Contracting a Case of Faefever

TitleFaefever
AuthorKaren Marie Moning
SeriesFever #3
Release DateSeptember 16, 2008
GenreParanormal Romance
Rating⭐⭐⭐⭐☆
Heat Level🌶️🌶️🌶️
GoodreadsView on Goodreads

Can I just begin by saying that I never expected the turn this book would take? Faefever, the third book in the “Fever” series, has left me not knowing whether I should be excited or cautious to read the next book in the series… note that Karen Marie Moning does not pull any punches in this book! I didn’t think it was going to be possible to up the ante on the second book. I should have known better.

The story grows more sordid as the plans of the forces of evil begin to knot together to form a dark tapestry over the city of Dublin.  The future bodes ill for our heroine Mac (a sidhe-seer, someone who can see and sense the otherworldly beings known as the Fae).

One thing that intrigued me from the beginning was the relationship—strained and untenable—between Mac and Jericho Barrons(her mysterious employer). By the end of this book, I am really not sure I understand why he continues to help her, and I am even more mystified why it seems that everyone is obsessed with getting in her pants. Not that I am not left cringing and worrying about Mac by the end of the book, because at this point, I am thinking the end must be near, right? I don’t know, and I hate not knowing.

OG cover\(〇_o)/

What I do know is that somehow, when Mac is under a dark influence, she is ever more attracted to Jericho. Mac continues to persist in forming some sort of bond with Jericho in the hopes that it will mean she will know more about him. But the harder she tries, the harder he pushes her away.

I was really hopeful at the end of the second book that they had reached a sort of breaking point, and things were going to begin to make sense. He helps her in her effort to improve her skills and be better at defending herself, and it seems that it draws them closer. Just when I think they have reached the threshold to take it to the next level, he literally shoves her against a wall, or pins her down and gets angry with her.

It seems that Jericho is committed to keeping Mac at an arm’s length.  Perhaps he is attempting to protect her by pushing her away so as to prevent what his nature desires? There is evidence that had she been a different person, and not a great OOP (objects of power—Fae relics) detector, they would have already done the deed. What I also know is that somehow, V’lane, the death-by-sex Fae, is interested in pleasing her and winning her trust.

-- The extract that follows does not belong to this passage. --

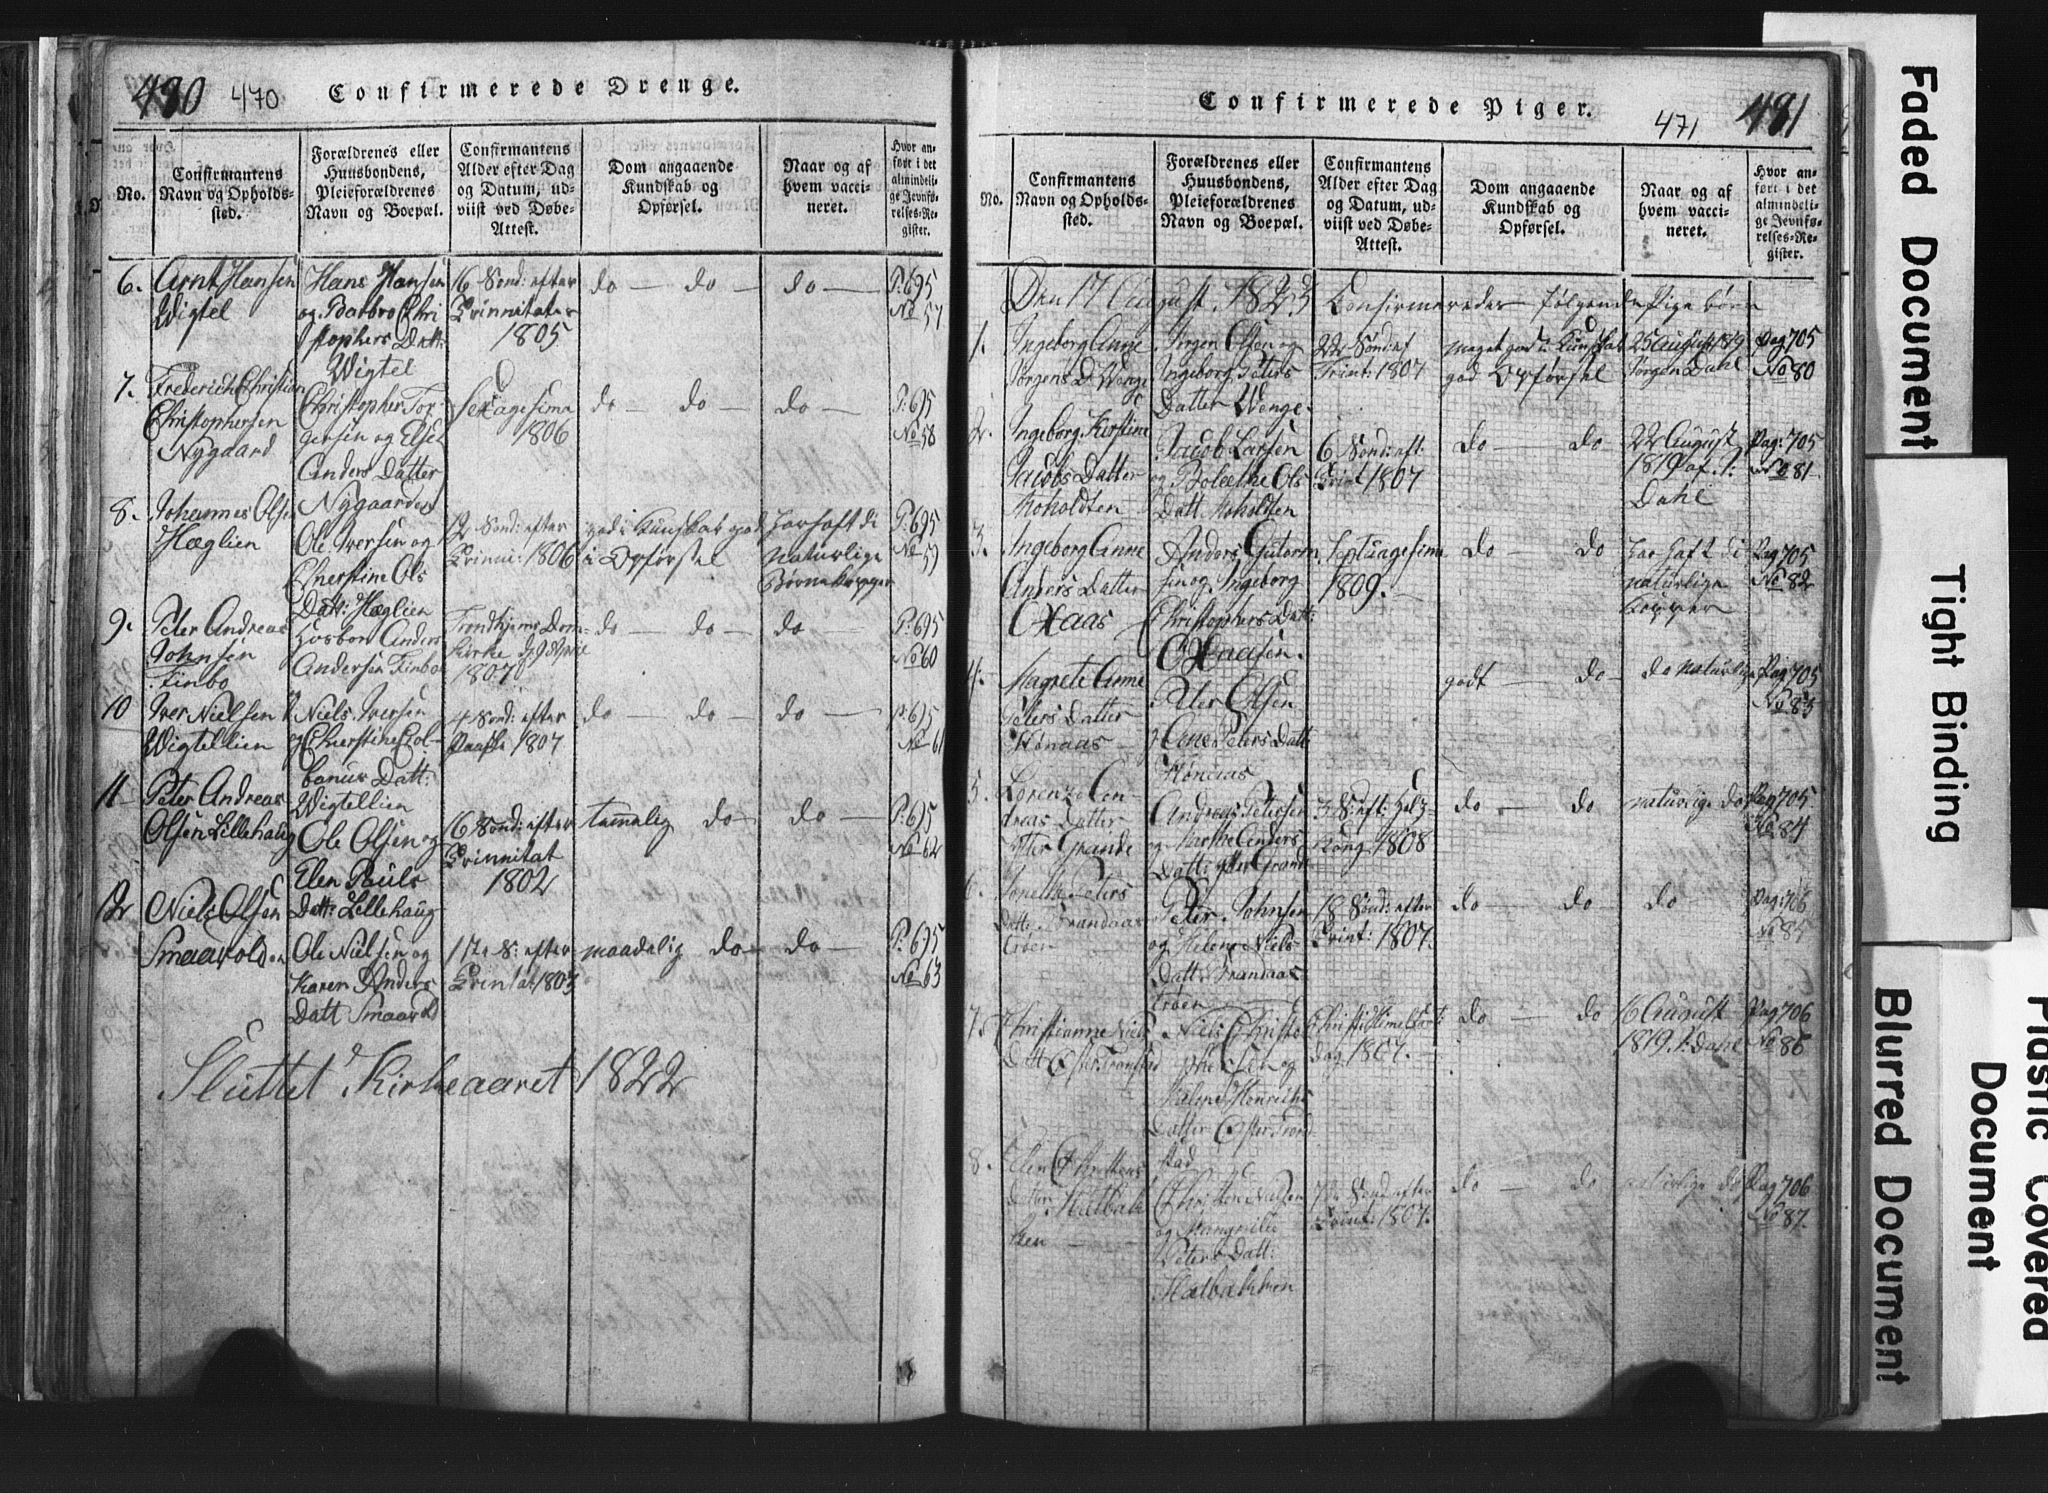 SAT, Ministerialprotokoller, klokkerbøker og fødselsregistre - Nord-Trøndelag, 701/L0017: Klokkerbok nr. 701C01, 1817-1825, s. 470-471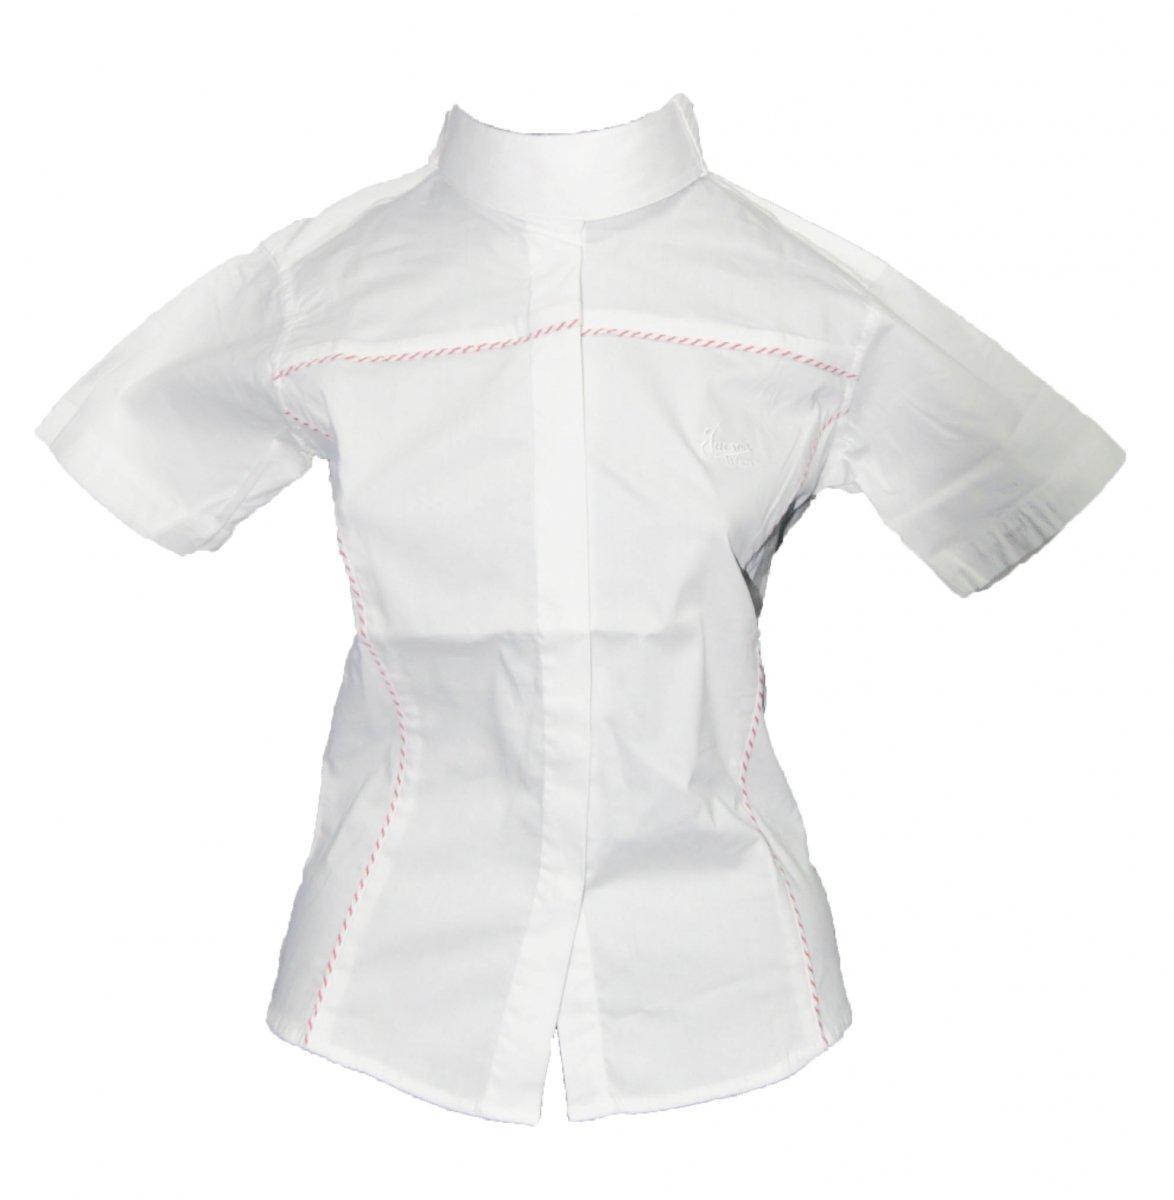 Koszula konkursowa z krótkim rękawem młodzieżowa - Jacson - biały/czerwony

We get to know more about additional characters and more background info on the murderer responsible for her sister’s death.  Sex in the Fevered world is a source of power and control; it somehow bonds Fae and Humans, but with way too many side effects and with a lot of consequences, none of them good.

I will say that I am somewhat disappointed at where the book left off in the story as the turn of events, though possibly inevitable, were of the sort I was hoping her association with Barrons and or V’lane would be able to prevent for Mac indefinitely. Nothing is as unpleasant as the knowledge that she was overwhelmed by the Fae presence of the Unseelie (evil Fae) variety and being turned into the thing she was most repulsed by. I will be interested to see how Moning takes this and spins it into the next book in the series.